Data provided
++++++
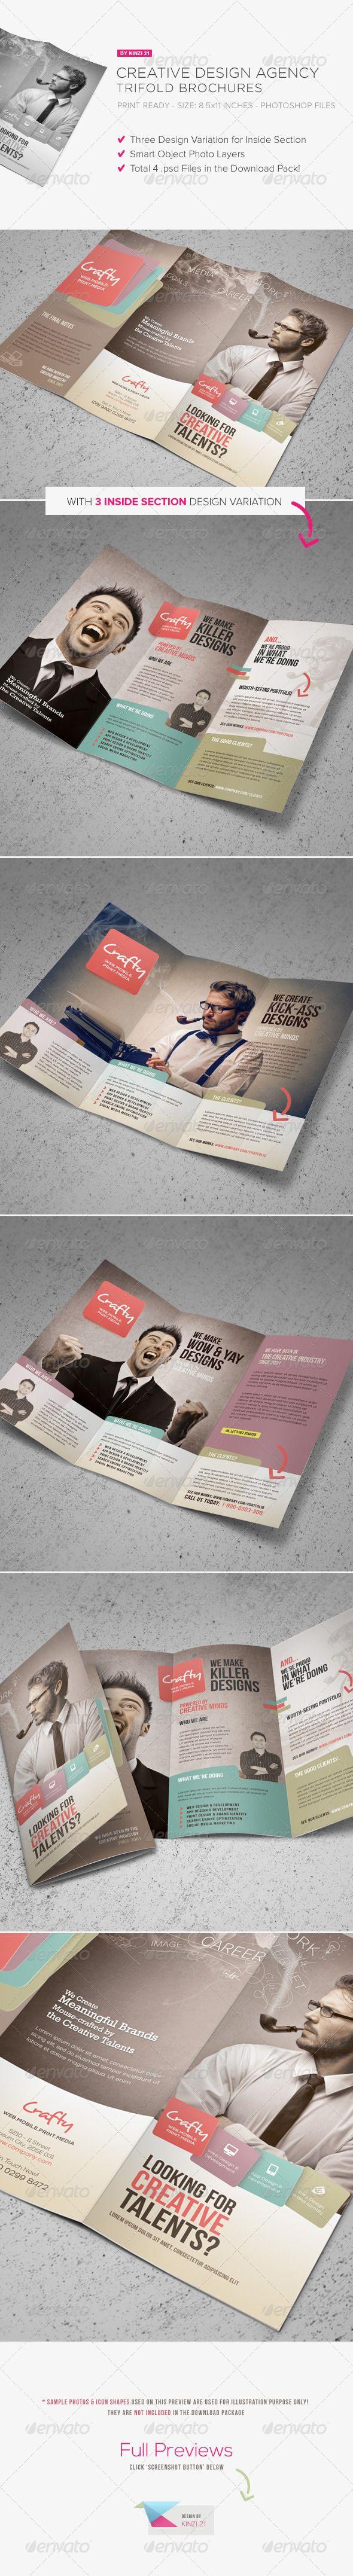 Creative Design Agency Trifold Brochure by kinzi21
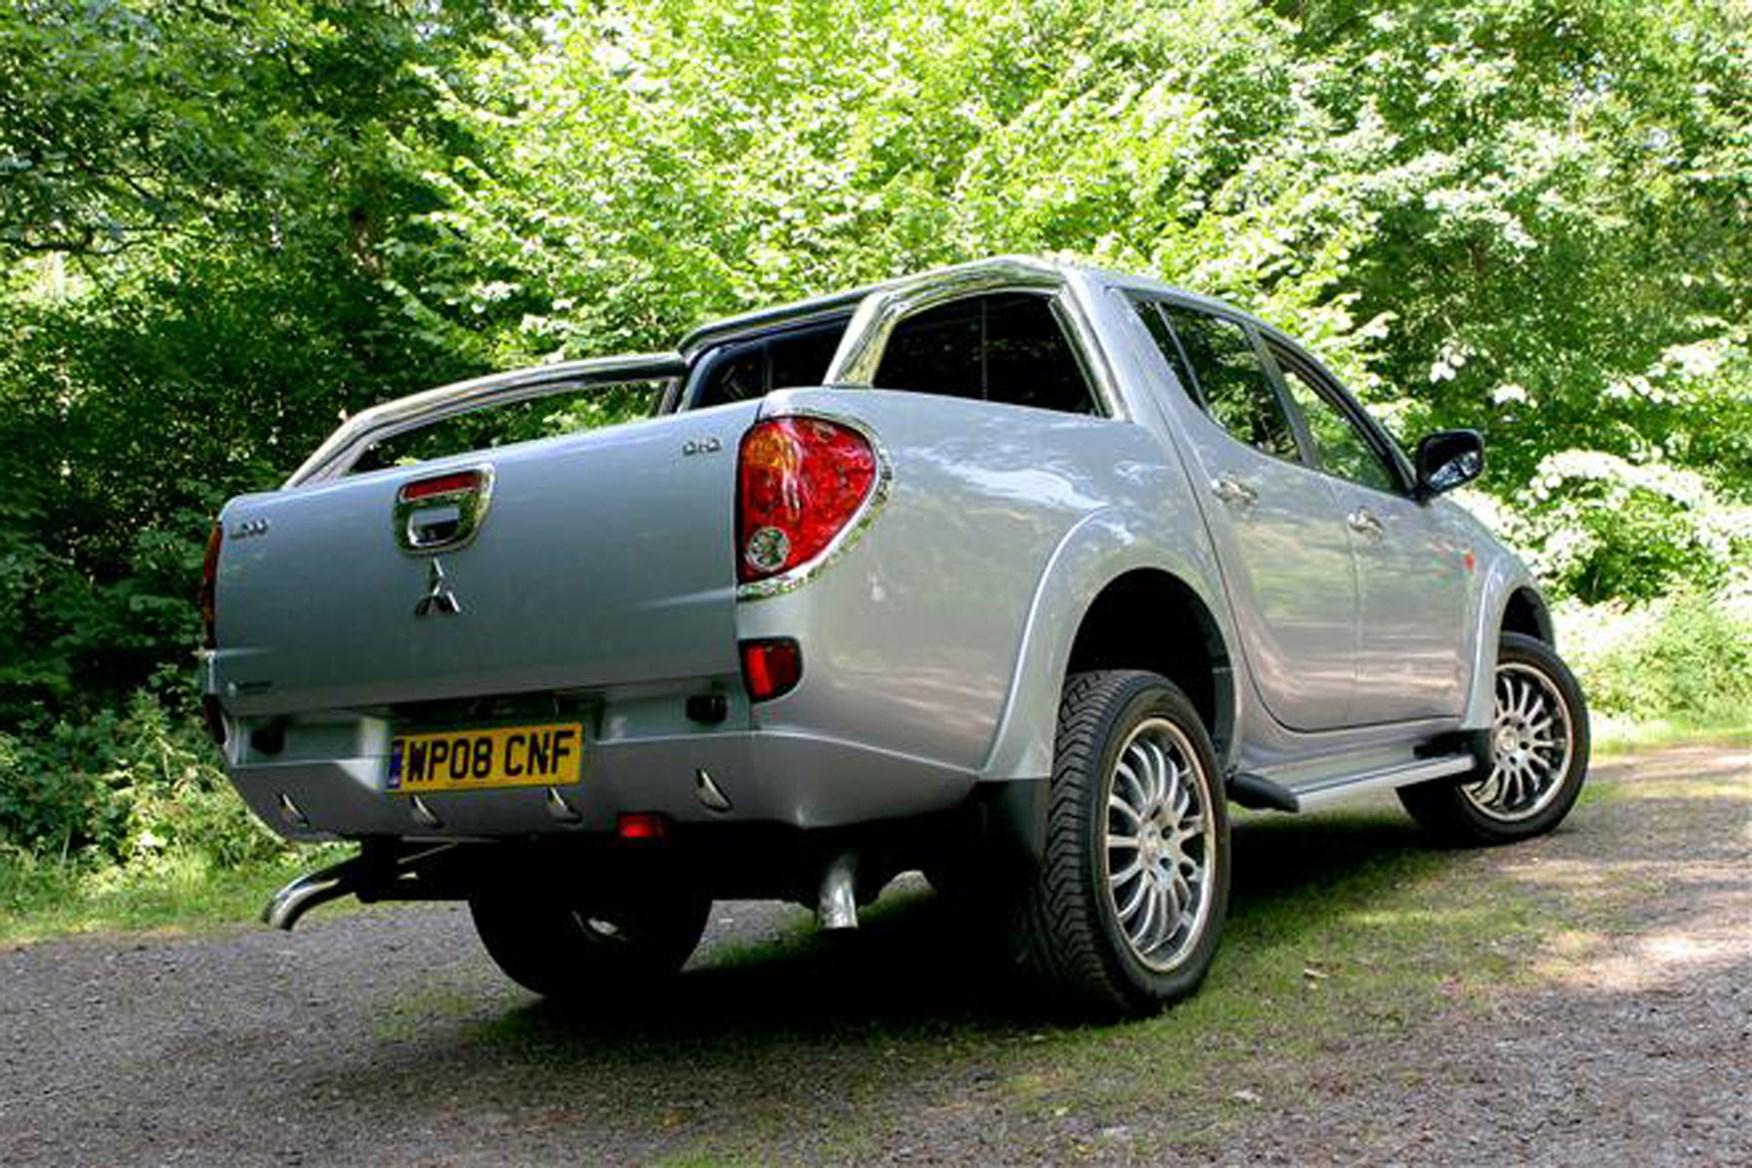 Mitsubishi L200 2006-2015 review on Parkers Vans - rear exterior
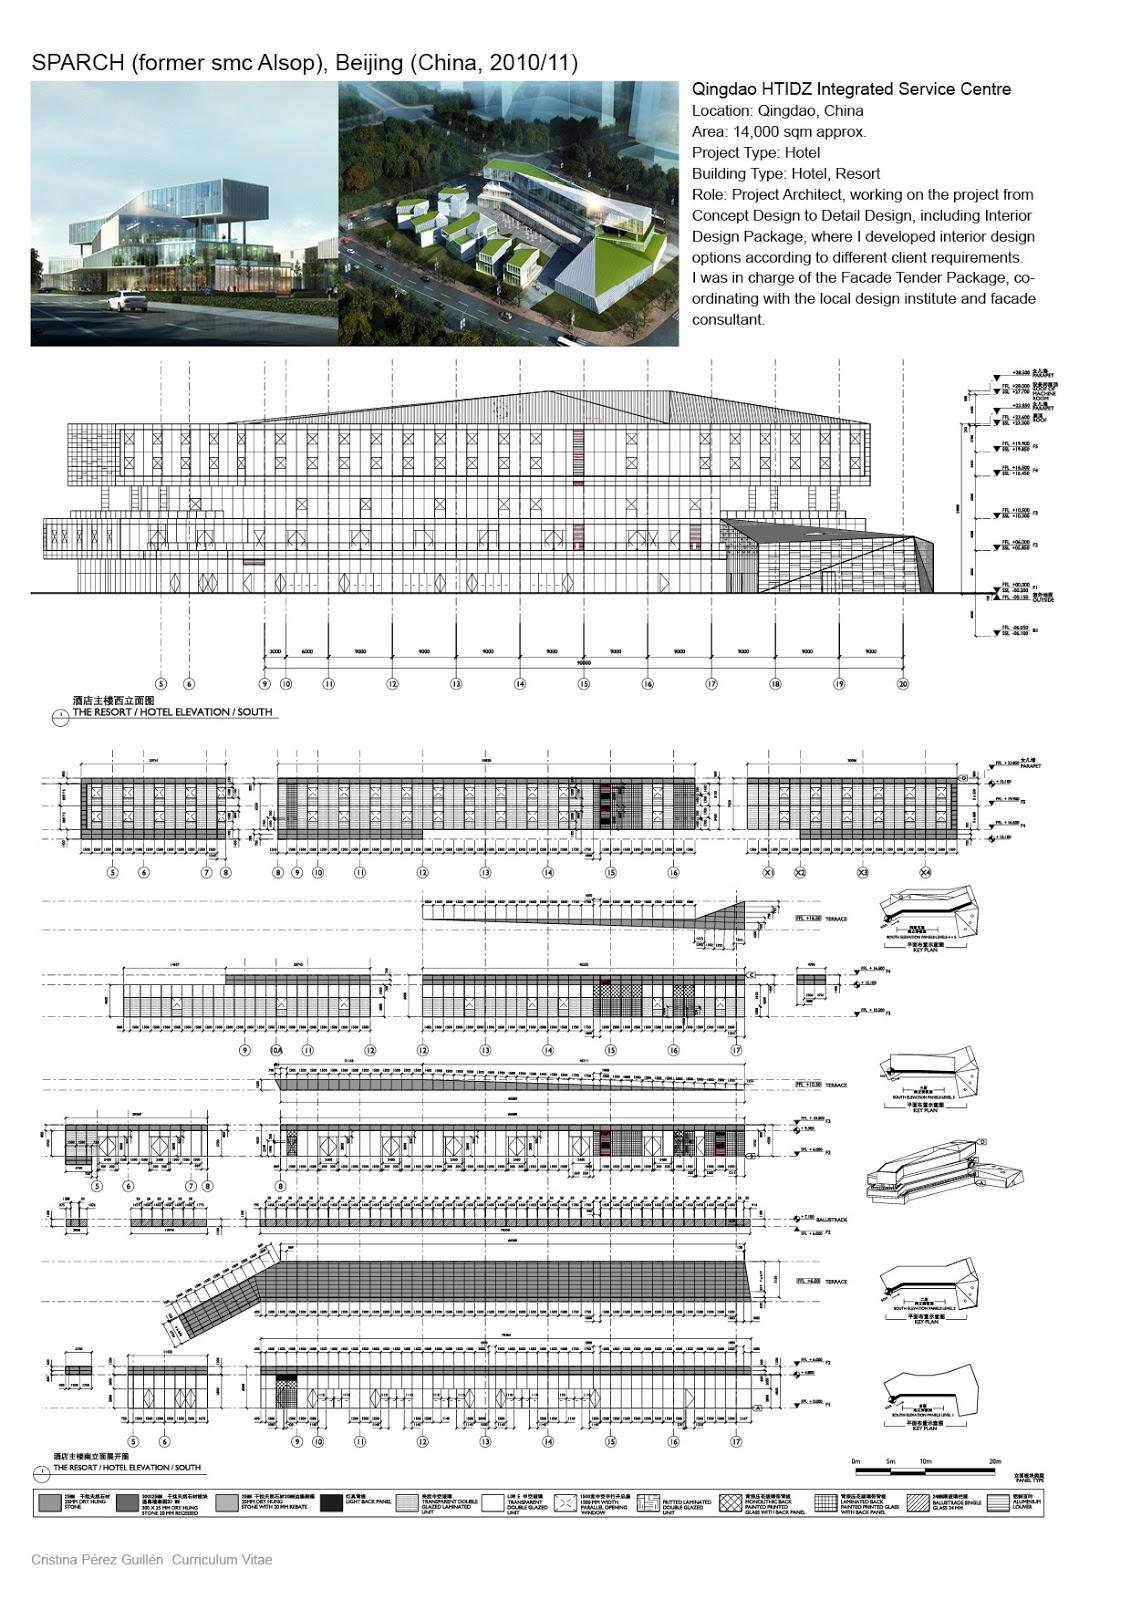 one team architects cristina p eacute rez guill eacute n cv cristina peacuterez guilleacuten cv
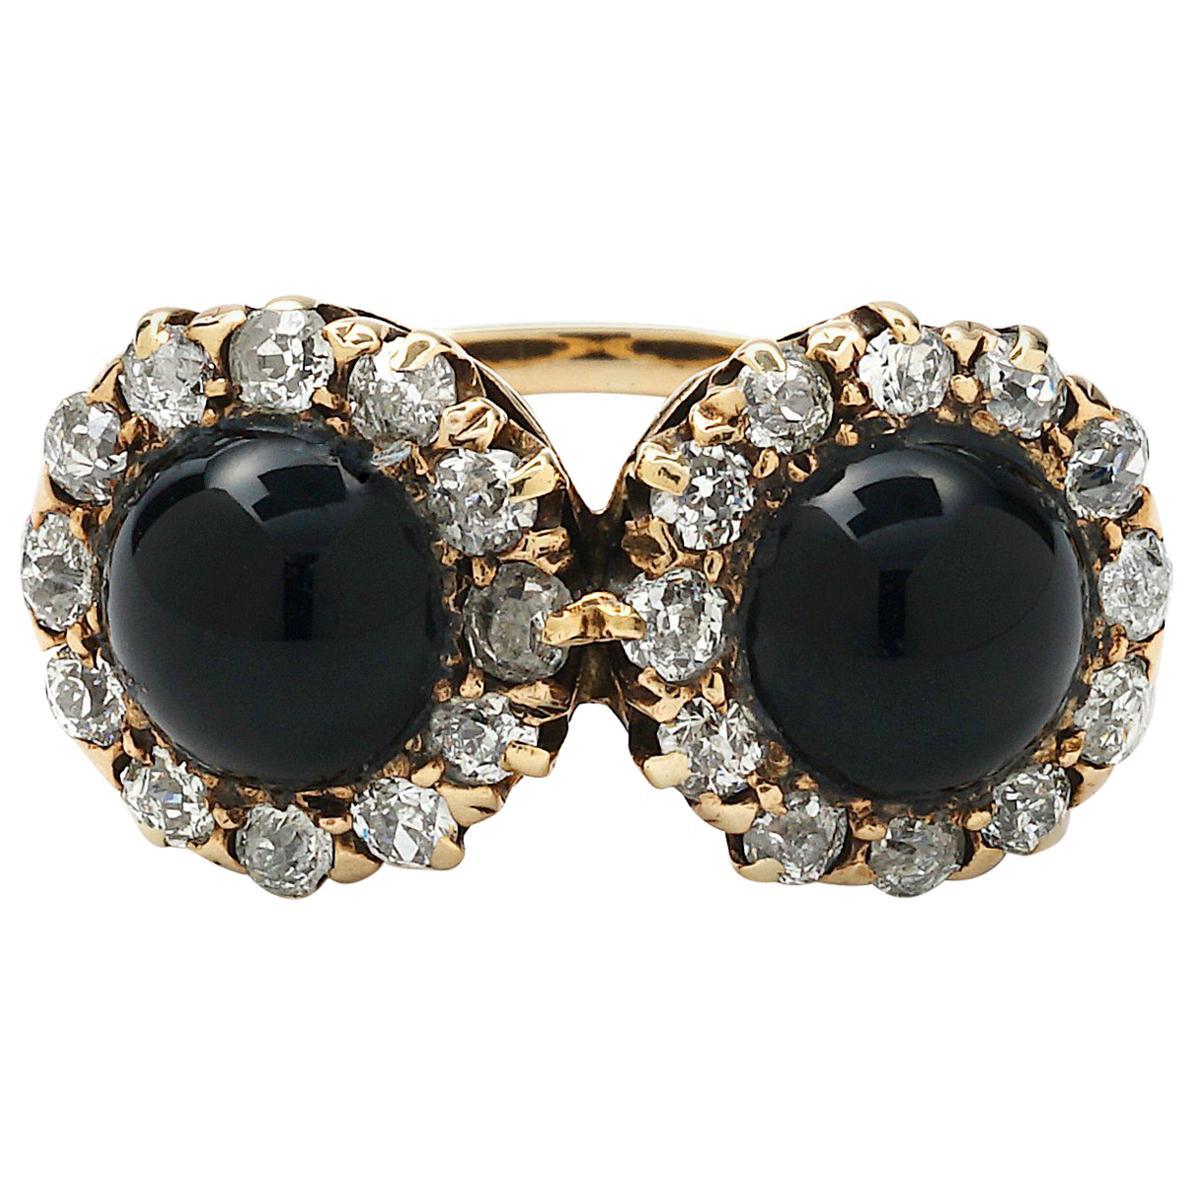 Antique Diamond and Black Onyx Halo Ring
++++++
Problem description
Where an image appears in the data, skip it, and return the rest verbatim.

Exercise solution
 Creative Design Agency Trifold Brochure by kinzi21
 Mitsubishi L200 2006-2015 review on Parkers Vans - rear exterior
 one team architects cristina p eacute rez guill eacute n cv cristina peacuterez guilleacuten cv
 Antique Diamond and Black Onyx Halo Ring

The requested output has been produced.